Input data →
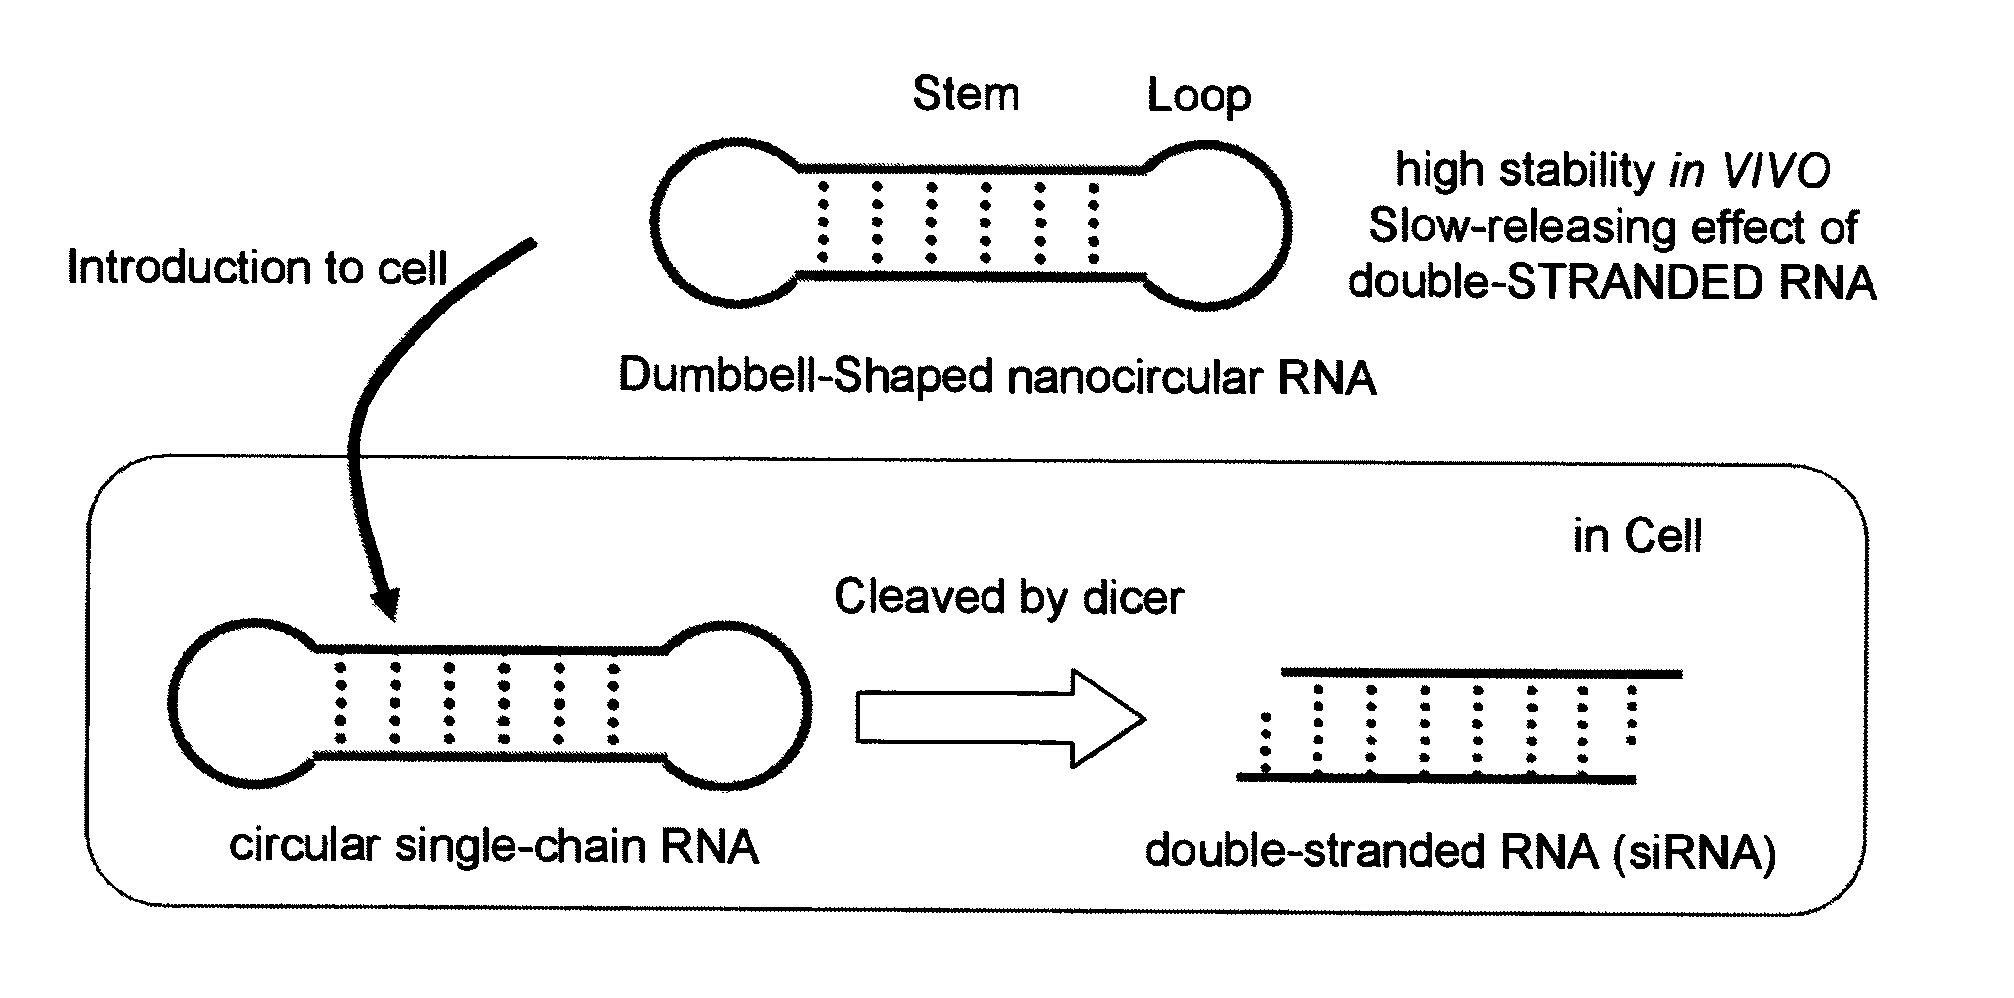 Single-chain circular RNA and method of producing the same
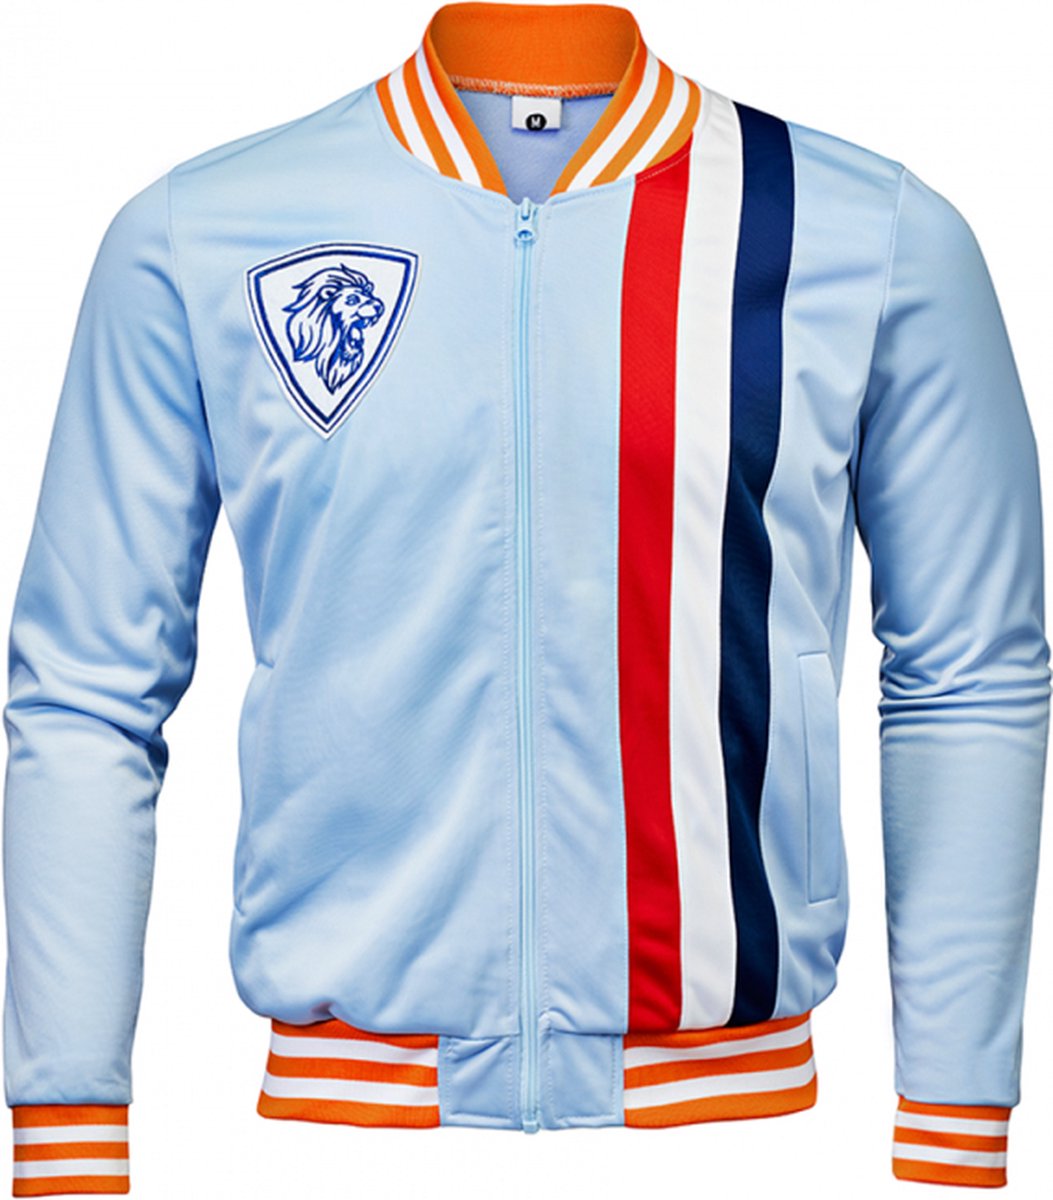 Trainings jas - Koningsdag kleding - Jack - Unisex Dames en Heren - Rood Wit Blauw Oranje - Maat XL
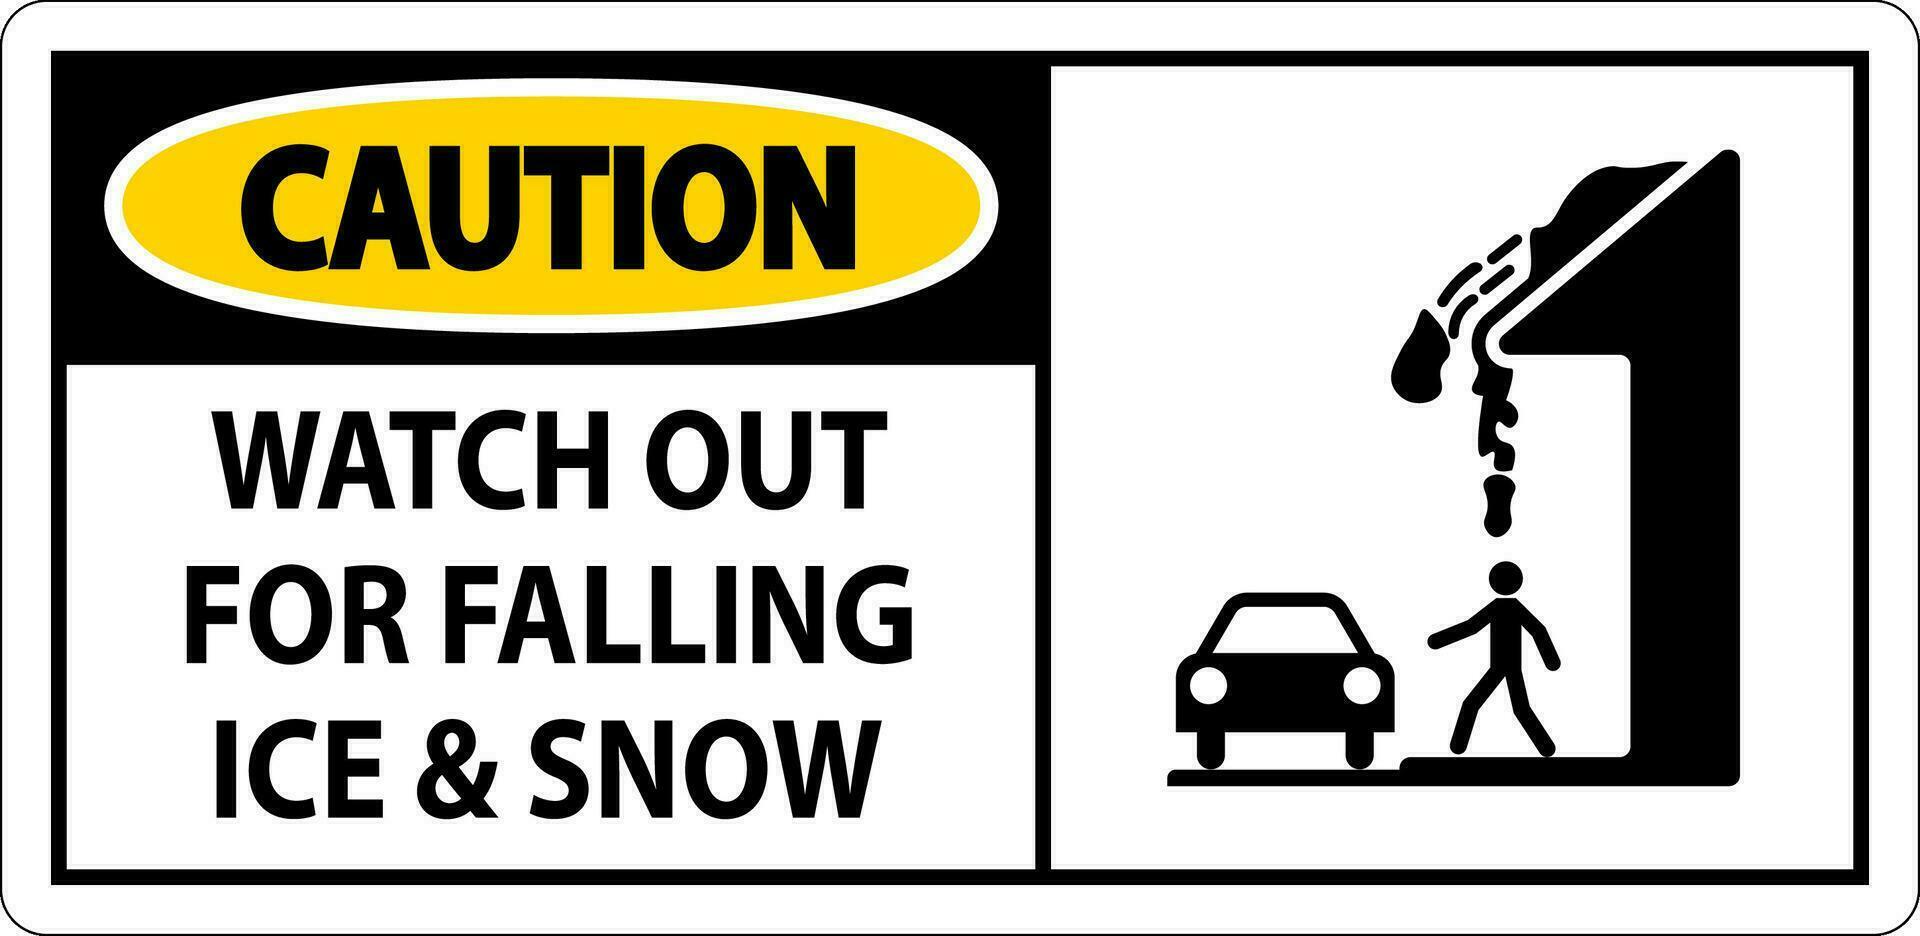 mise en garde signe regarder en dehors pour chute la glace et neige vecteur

Instructions for the task → Exactly as written, give again every line from the one containing "Trainings jas - Koningsdag" through the last line of the material, both included, with the pictures left out.

Response →
 Trainings jas - Koningsdag kleding - Jack - Unisex Dames en Heren - Rood Wit Blauw Oranje - Maat XL
 mise en garde signe regarder en dehors pour chute la glace et neige vecteur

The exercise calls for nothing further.